Your instructions:
Copy nothing from the entries below except the lines from the one containing "Коробка подарочная круглая" through the one containing "maçãs vermelhas frescas", and copy those exactly.

[Start of section]

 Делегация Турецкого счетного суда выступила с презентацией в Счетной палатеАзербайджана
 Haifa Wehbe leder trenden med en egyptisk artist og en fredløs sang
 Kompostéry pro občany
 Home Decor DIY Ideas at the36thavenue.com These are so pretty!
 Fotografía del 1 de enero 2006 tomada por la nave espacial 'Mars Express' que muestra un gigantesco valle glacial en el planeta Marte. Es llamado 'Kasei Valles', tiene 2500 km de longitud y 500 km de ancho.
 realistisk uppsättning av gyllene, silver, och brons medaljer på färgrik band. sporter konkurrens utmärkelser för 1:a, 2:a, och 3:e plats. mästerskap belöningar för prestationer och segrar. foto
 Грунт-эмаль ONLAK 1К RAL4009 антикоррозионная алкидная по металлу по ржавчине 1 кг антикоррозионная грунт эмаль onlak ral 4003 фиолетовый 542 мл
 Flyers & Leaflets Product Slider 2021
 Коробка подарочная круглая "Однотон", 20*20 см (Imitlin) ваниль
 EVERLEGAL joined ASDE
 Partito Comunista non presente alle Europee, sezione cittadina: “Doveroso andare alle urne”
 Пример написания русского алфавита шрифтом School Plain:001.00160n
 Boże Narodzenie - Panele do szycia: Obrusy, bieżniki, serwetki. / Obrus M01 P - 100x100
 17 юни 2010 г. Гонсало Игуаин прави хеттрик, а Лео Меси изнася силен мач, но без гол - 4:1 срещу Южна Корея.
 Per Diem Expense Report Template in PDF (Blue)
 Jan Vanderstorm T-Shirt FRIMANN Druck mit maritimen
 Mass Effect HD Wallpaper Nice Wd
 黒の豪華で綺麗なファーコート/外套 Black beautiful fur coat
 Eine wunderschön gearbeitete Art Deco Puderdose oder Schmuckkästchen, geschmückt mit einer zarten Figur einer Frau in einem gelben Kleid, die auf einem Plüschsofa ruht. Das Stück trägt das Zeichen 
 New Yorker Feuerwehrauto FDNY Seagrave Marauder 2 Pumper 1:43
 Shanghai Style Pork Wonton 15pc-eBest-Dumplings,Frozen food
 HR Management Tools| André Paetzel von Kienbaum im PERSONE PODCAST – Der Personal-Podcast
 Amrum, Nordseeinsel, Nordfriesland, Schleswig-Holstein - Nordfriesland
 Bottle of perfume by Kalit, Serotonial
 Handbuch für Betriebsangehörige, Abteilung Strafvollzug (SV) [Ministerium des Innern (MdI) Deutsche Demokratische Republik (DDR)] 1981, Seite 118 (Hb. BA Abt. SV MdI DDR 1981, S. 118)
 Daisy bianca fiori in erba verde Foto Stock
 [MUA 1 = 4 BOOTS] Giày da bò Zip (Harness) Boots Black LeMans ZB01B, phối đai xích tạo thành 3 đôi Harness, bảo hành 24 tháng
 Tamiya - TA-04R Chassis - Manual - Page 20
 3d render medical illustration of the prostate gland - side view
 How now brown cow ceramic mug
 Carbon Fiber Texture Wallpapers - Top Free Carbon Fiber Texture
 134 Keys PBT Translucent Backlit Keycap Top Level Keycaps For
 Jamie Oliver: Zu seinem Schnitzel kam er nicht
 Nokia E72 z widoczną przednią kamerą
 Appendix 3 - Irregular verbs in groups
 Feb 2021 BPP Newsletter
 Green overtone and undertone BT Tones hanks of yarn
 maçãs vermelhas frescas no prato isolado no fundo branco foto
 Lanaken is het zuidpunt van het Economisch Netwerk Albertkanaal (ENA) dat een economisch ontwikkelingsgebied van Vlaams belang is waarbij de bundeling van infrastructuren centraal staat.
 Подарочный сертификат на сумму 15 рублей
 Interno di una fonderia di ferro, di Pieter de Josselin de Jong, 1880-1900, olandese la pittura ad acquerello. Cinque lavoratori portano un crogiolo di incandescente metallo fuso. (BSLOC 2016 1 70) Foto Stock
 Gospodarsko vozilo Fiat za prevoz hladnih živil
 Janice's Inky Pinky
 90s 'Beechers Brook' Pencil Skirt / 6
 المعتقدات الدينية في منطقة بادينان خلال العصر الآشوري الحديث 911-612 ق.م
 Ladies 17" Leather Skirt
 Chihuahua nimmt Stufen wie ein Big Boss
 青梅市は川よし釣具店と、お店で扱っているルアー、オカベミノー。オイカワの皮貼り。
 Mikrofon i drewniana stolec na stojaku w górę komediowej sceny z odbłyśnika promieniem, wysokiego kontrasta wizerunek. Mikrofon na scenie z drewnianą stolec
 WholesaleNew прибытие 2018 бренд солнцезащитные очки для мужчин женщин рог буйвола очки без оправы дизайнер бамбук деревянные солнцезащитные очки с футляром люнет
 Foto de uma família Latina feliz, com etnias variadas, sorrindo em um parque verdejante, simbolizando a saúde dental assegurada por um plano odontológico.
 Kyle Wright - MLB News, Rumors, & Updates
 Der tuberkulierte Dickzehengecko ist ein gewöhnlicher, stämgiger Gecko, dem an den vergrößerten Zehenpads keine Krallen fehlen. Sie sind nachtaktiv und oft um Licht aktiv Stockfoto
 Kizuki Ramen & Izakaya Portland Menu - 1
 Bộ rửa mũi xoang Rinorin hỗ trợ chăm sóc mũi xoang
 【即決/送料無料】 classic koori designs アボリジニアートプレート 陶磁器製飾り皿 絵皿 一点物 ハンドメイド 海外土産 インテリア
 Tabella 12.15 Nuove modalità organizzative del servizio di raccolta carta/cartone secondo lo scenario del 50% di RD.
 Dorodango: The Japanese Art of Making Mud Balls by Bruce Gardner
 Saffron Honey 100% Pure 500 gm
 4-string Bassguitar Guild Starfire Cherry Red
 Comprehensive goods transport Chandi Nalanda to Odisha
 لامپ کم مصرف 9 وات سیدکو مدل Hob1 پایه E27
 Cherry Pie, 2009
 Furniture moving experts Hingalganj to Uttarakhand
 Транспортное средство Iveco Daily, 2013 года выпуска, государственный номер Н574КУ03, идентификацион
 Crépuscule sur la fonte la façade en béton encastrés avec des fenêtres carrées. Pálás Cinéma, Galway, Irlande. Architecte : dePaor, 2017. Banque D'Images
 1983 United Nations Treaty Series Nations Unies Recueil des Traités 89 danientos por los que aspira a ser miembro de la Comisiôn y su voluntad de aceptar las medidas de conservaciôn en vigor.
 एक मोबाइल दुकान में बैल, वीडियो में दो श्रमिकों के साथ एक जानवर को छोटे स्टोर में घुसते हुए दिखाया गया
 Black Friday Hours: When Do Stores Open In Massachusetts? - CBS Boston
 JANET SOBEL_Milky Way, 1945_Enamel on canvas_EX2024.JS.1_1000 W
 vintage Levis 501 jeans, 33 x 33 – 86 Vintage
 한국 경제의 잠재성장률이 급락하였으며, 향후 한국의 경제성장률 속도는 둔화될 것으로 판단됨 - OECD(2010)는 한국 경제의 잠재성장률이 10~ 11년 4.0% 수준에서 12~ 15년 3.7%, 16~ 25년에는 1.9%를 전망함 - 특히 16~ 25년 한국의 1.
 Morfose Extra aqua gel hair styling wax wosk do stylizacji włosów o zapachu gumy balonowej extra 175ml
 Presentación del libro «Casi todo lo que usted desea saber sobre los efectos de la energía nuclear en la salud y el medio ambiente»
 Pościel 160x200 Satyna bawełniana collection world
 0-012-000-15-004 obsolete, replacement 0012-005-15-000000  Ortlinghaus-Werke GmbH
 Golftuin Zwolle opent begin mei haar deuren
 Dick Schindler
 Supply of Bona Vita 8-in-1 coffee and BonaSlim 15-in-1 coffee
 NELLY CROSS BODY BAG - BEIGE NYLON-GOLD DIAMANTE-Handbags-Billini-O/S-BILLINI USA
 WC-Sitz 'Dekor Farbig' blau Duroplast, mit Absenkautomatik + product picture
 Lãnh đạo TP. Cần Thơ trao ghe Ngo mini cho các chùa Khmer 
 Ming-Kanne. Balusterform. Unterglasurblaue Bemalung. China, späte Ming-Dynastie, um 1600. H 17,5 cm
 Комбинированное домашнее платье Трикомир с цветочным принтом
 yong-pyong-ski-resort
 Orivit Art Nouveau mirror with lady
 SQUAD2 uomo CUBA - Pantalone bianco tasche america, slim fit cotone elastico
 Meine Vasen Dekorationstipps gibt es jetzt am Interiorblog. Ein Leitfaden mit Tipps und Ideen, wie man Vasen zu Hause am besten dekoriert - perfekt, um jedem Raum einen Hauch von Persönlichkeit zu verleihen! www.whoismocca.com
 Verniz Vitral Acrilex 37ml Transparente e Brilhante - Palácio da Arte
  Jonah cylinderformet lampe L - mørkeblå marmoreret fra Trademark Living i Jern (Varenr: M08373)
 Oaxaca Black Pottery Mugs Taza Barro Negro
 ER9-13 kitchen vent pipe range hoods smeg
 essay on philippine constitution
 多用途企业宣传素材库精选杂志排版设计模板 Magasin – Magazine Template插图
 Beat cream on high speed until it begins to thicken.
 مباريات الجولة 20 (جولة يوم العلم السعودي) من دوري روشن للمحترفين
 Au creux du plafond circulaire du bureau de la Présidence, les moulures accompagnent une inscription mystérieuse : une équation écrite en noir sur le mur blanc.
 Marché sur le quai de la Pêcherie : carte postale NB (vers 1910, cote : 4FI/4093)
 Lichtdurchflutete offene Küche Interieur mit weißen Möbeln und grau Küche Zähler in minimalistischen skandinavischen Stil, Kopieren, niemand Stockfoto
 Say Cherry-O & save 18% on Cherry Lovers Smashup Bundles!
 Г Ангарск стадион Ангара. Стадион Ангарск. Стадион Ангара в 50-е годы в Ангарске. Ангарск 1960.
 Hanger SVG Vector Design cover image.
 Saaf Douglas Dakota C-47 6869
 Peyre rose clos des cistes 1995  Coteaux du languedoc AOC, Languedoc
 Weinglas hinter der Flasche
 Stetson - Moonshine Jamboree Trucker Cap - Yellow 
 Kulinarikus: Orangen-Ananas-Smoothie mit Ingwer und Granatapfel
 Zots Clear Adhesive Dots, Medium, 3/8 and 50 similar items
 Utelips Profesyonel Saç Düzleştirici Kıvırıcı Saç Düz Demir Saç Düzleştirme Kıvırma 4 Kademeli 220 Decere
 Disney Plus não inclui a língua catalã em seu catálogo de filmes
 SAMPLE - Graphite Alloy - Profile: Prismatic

[End of section]

Task answer:
 Коробка подарочная круглая "Однотон", 20*20 см (Imitlin) ваниль
 EVERLEGAL joined ASDE
 Partito Comunista non presente alle Europee, sezione cittadina: “Doveroso andare alle urne”
 Пример написания русского алфавита шрифтом School Plain:001.00160n
 Boże Narodzenie - Panele do szycia: Obrusy, bieżniki, serwetki. / Obrus M01 P - 100x100
 17 юни 2010 г. Гонсало Игуаин прави хеттрик, а Лео Меси изнася силен мач, но без гол - 4:1 срещу Южна Корея.
 Per Diem Expense Report Template in PDF (Blue)
 Jan Vanderstorm T-Shirt FRIMANN Druck mit maritimen
 Mass Effect HD Wallpaper Nice Wd
 黒の豪華で綺麗なファーコート/外套 Black beautiful fur coat
 Eine wunderschön gearbeitete Art Deco Puderdose oder Schmuckkästchen, geschmückt mit einer zarten Figur einer Frau in einem gelben Kleid, die auf einem Plüschsofa ruht. Das Stück trägt das Zeichen 
 New Yorker Feuerwehrauto FDNY Seagrave Marauder 2 Pumper 1:43
 Shanghai Style Pork Wonton 15pc-eBest-Dumplings,Frozen food
 HR Management Tools| André Paetzel von Kienbaum im PERSONE PODCAST – Der Personal-Podcast
 Amrum, Nordseeinsel, Nordfriesland, Schleswig-Holstein - Nordfriesland
 Bottle of perfume by Kalit, Serotonial
 Handbuch für Betriebsangehörige, Abteilung Strafvollzug (SV) [Ministerium des Innern (MdI) Deutsche Demokratische Republik (DDR)] 1981, Seite 118 (Hb. BA Abt. SV MdI DDR 1981, S. 118)
 Daisy bianca fiori in erba verde Foto Stock
 [MUA 1 = 4 BOOTS] Giày da bò Zip (Harness) Boots Black LeMans ZB01B, phối đai xích tạo thành 3 đôi Harness, bảo hành 24 tháng
 Tamiya - TA-04R Chassis - Manual - Page 20
 3d render medical illustration of the prostate gland - side view
 How now brown cow ceramic mug
 Carbon Fiber Texture Wallpapers - Top Free Carbon Fiber Texture
 134 Keys PBT Translucent Backlit Keycap Top Level Keycaps For
 Jamie Oliver: Zu seinem Schnitzel kam er nicht
 Nokia E72 z widoczną przednią kamerą
 Appendix 3 - Irregular verbs in groups
 Feb 2021 BPP Newsletter
 Green overtone and undertone BT Tones hanks of yarn
 maçãs vermelhas frescas no prato isolado no fundo branco foto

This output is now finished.